Understanding Response to Intervention

Here is a collection of resources, book summaries and other information that will provide you with an excellent foundational knowledge of what RtI actually is intended to accomplish. This post was originally published as a page on this blog, however, as we start a new year with a renewed RtI push, I thought it would be worth posting on the home page.


Defining “Response to Intervention” (RtI): a systematic and data-based method for identifying, defining, and resolving students’ academic and behavioral difficulties.


The Four Cs of RTI (by Buffum, Mattos & Weber):

If our goal is to create the right way of thinking about our work as educators, then what are the essential principles that must guide our actions? What practices must we follow if we want all students to succeed? We believe there are four—we call them the four Cs of RTI. They are:

1. Collective Responsibility: A shared belief that the primary responsibility of each member of the organization is to ensure high levels of learning for every child. Thinking is guided by the question: Why are we here?

2. Concentrated Instruction: A systematic process of identifying essential knowledge and skills that all students must master to learn at high levels, and determining the specific learning needs for each child to get there. Thinking is guided by the question: Where do we need to go?

3. Convergent Assessment: An ongoing process of collectively analyzing targeted evidence to determine the specific learning needs of each child and the effectiveness of the instruction the child receives in meeting these needs. Thinking is guided by the question: Where are we now?

4. Certain Access. A systematic process that guarantees every student will receive the time and support needed to learn at high levels. Thinking is guided by the question: How do we get every child there?
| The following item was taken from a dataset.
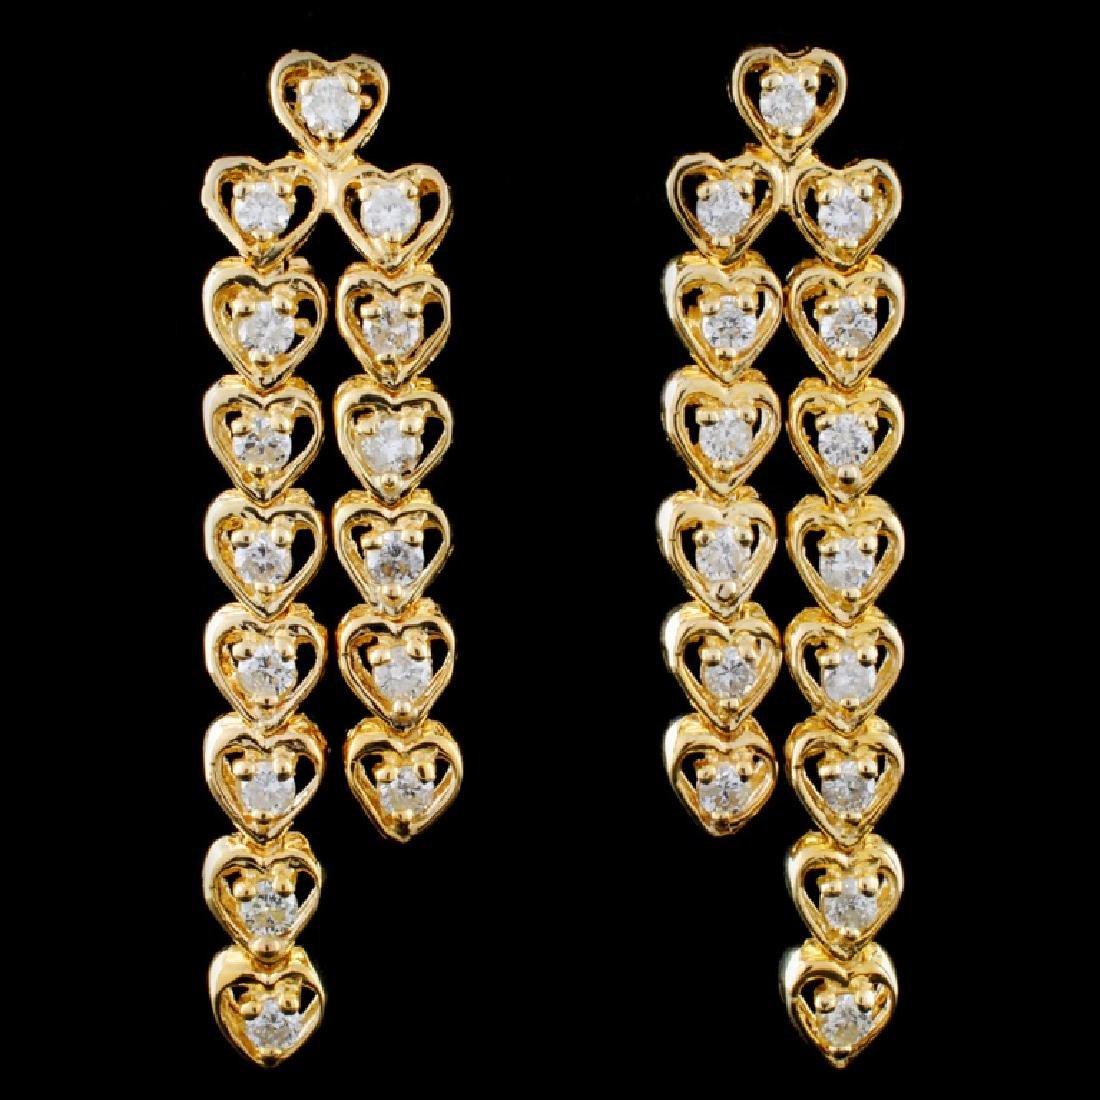 14K Yellow Gold 1.00ct Diamond Earrings

We contend that these four Cs are the essential guiding principles of RTI. Consider for a moment the meaning of the word essential. When something is essential, it is absolutely indispensable, so important to the whole that the whole cannot survive without it. Without each of the four Cs, it is impossible for a school to achieve high levels of learning for every child. The four Cs work interdependently to create the systems, structures, and processes needed to provide every child with additional time and support.

(From Simplifying Response to Intervention: Four Essential Guiding Principles. Buffum/Mattos/Weber, Solution Tree, 2012.)


Three Tiers of Instruction:

  1. All Students(Tier 1) – Scientifically and research proven instructional methods
    • Whole class instruction
    • Research-based curriculum
    • Identification of lowest 20%
    • Comparison with teacher judgement
  2. Some Students(Tier 2) – Supplementary Instruction and Assessment
    • Extra small group instruction in addition to whole class instruction
    • Direct and systematic instruction focused on core skills that students need
    • Monitor student progress with data related to skill development
  3. A Few Students(Tier 3) – Specialized Instruction and Assessment
    • Review of Tier 2 data
    • Comprehensive evaluation of why RtI hasn’t worked thus far
    • Specialized intervention as needed
    • Explore possible IEP needs (at lower grade levels)


RtI in 10 Easy Steps (Brown-Chidsey & Steege, 2005):

  1. Research-Based Daily Instruction: Implement scientifically based general education instruction
  2. Regular Benchmarks: Collect benchmarks of all students (at least 3 times per year)
  3. Identify At-Risk Students: Identification of students scoring below benchmark targets
  4. Supplementary Instruction: Provide scientifically based small-group instruction (minimum of 3 weeks)
  5. Monitor Progress: Monitor student progress towards the benchmark (use assessment & data graphing)
  6. Adjust Groupings: Review, revise and/or discontinue small group instruction based on target success
  7. Increase Interventions: Increase intensity & duration of intervention for those not meeting benchmark target
  8. Adjust Groupings: Review, revise and/or discontinue small group instruction based on target success
  9. IST Process: Determine whether special education options need to be explored
  10. Individualized Interventions: Develop appropriate IEP (if necessary) or attempt different solutions


Implementing RtI at the Secondary Level (PJ Caposey, Principal at Oregon High):

  1. Fix Core Curriculum– ensure all instruction aligns with research based practices
    • Fix the curriculum
    • Align curriculum to standards
    • Prioritize standards
    • Maintain high expectations
    • Monitor frequently
  2. Embrace the Team Concept – teams for teachers with like content and like students
  3. Catch Students Before they Fail – work collaboratively with feeder pattern schools
  4. Forget the Triangle – Focus on both enrichment and intervention
  5. Social-Emotional Awareness and Support – embed support for socio-emotional needs


Other RtI Resources:

High School RtI Strategies Chart (Pittsford Sutherland High School) – This post highlights a list of strategies for Tier 1 interventions in the areas of management, instruction, assessment and other strategies.

High School RtI Strategies (The Meadows Center) – This post highlights the specific areas for instructional improvement to support classroom based interventions to build our effectiveness at the Tier 1 level.

Graphic Organizers – A great set of sample graphic organizers to help students learn at the Tier 1 level.  This is a link to the MilfordHigh School Website and contains lots of downloadable resource.